Değerli Okurlar! Yüzlerce gençle birebir ilişki içinde olan birisi olarak gençlerimizin karşı karşıya bulundukları sorunları öncelikle sizlerle ve bu ülkenin geleceği olan gençlerimizle paylaşmak istiyorum. Ve bu konunun çok önemli bir konu olduğunu da her zaman vurgulamak gerektiğini düşünüyorum. Politika yapanlar başta olmak üzere bir çok üst kademedeki değişik toplum kesimleri alınacaklardır  bunu elbette biliyorum ancak şu gerçek bilinmelidir ki alıngan insanlar, özeleştiriye açık olmayanlar, hamasi nutuklarla bu ülkenin yurttaşlarını oyalayanlar velhasılı hiç bir şey üretmeyip de üretiyor gözükenler hatta üretmek isteyenlere engel olanlara sormak da gerekmez mi? Acaba bu ülkede, gençlerin sorunlarıyla ne derece ilgileniyorlar?

 Bugün Türk toplumunun büyük bölümü çocuklar ve gençlerden oluşuyor. Bu özellik hem iyiyi, hem de kötüyü bir arada barındırıyor mu? Şayet çocuklarımız ve gençlerimiz iyi ve donanımlı yetiştirilirse onların zindeliğinden faydalanmak elbette ki mümkündür. Çocuklarımız, gençlerimiz iyi yetiştirilmezlerse hem kendilerine hem de ailelerine hem de topluma zararlı hale gelmeleri de mümkün değil midir?

Hepimizin bildiği gibi anne ve babalar özde çocuklarını çok severler. Çocuk yetiştirmenin nasıl olduğu yönünde çoğumuz eğitim almadık elbette. Bunu öncelikle itiraf etmeliyiz. Bugün anne ve babalarımızdan yada çevremizden gördüğümüz kadarıyla çocuklarımızı eğittik ve yetiştirdik. Yada eğitiyoruz ve yetiştiriyoruz. Fakat çocuklarımızı yetiştirirken onlara yeterli olamadığımız, iletişim kuramadığımız zamanlar olmuştur ve olacaktır da. Ancak sevgimiz hiç azalmamıştır, azalması da sözkonusu mudur?     

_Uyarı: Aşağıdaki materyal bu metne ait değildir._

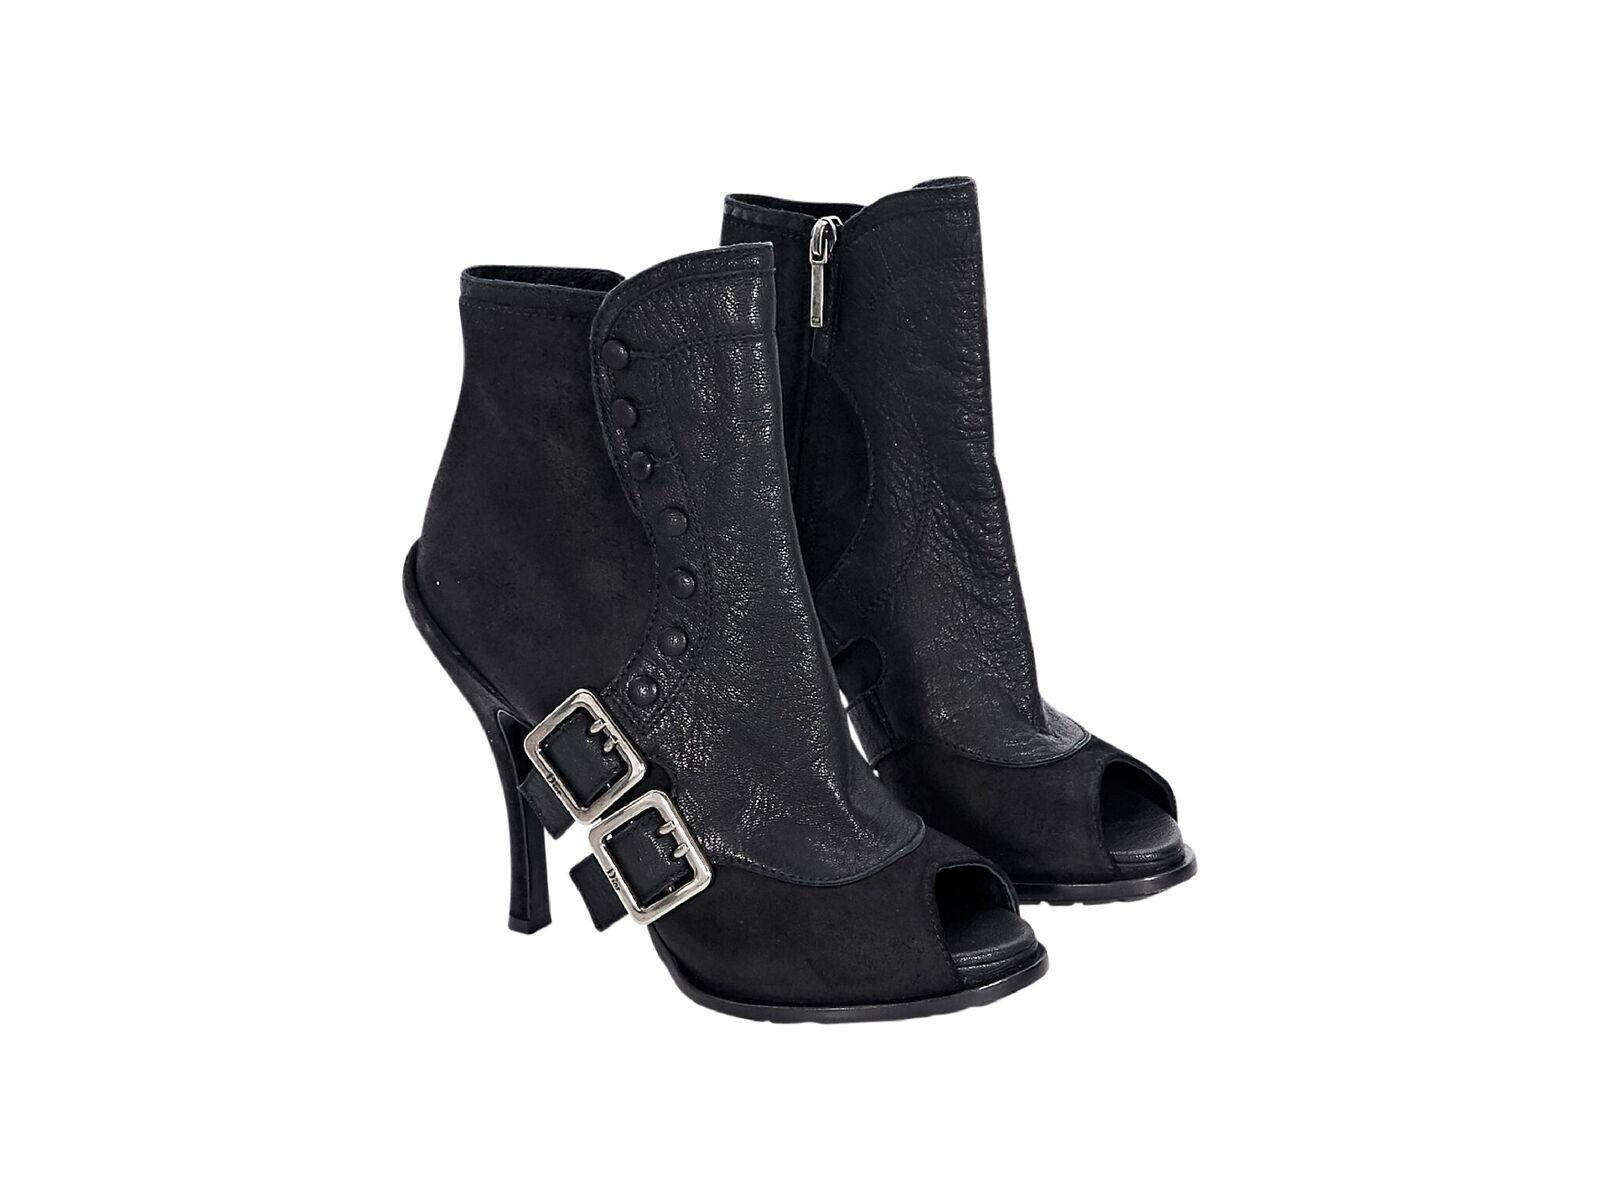 Product details:  Black leather ankle boots by Christian Dior.  Accented with double buckle accents.  Inner zip closure.  Open toe.  Silvertone hardware.  EU size 38.5.  5.5

Özellikle gençlik dönemlerinde hem fizyolojik hem de psikolojik değişim oluşmaktadır. Bunları hep uzmanlarımız sık sık ifade ederler. Bu dönem birkaç evre halinde seyreder. 12-15 yaş ergenlik ve ilk gençlik dönemidir: Bu dönemde olumsuz davranış ve tepkiler çok yoğun yaşanır. 15-17 yaş delikanlılık devresidir: Bu devrede çekingenlik, duygusallık ve güvensizlik hakimdir. 17-21 yaş delikanlılıkta kendine güven ve gösterişin hakim olduğu dönemdir. 21-25 yaş uzamış delikanlılık dönemidir. Gençler kendilerini sınayarak kanıtlamak isterler. Bu dönemde karşılaşılan hatalı tutumlar (aşırı disiplin, ilgisizlik, sevgisiz tutum, özgüven eksikliği vb.) ve aile içi çatışmalar gençlerin psikolojik sorunlarını oldukça artırmaktadır. O sınayarak kişilik kazanmak bağımsızlık kazanmak ister. Ancak yeterli bilgisi ve tecrübesi olmadığı için çoğu kez hata yapar, yalpalar. Yine de yolunu düşe kalka bulmaya çalışır. Yoldan çıksa bile tecrübeleri, uyarıları dinlemez bu çağdaki gençler.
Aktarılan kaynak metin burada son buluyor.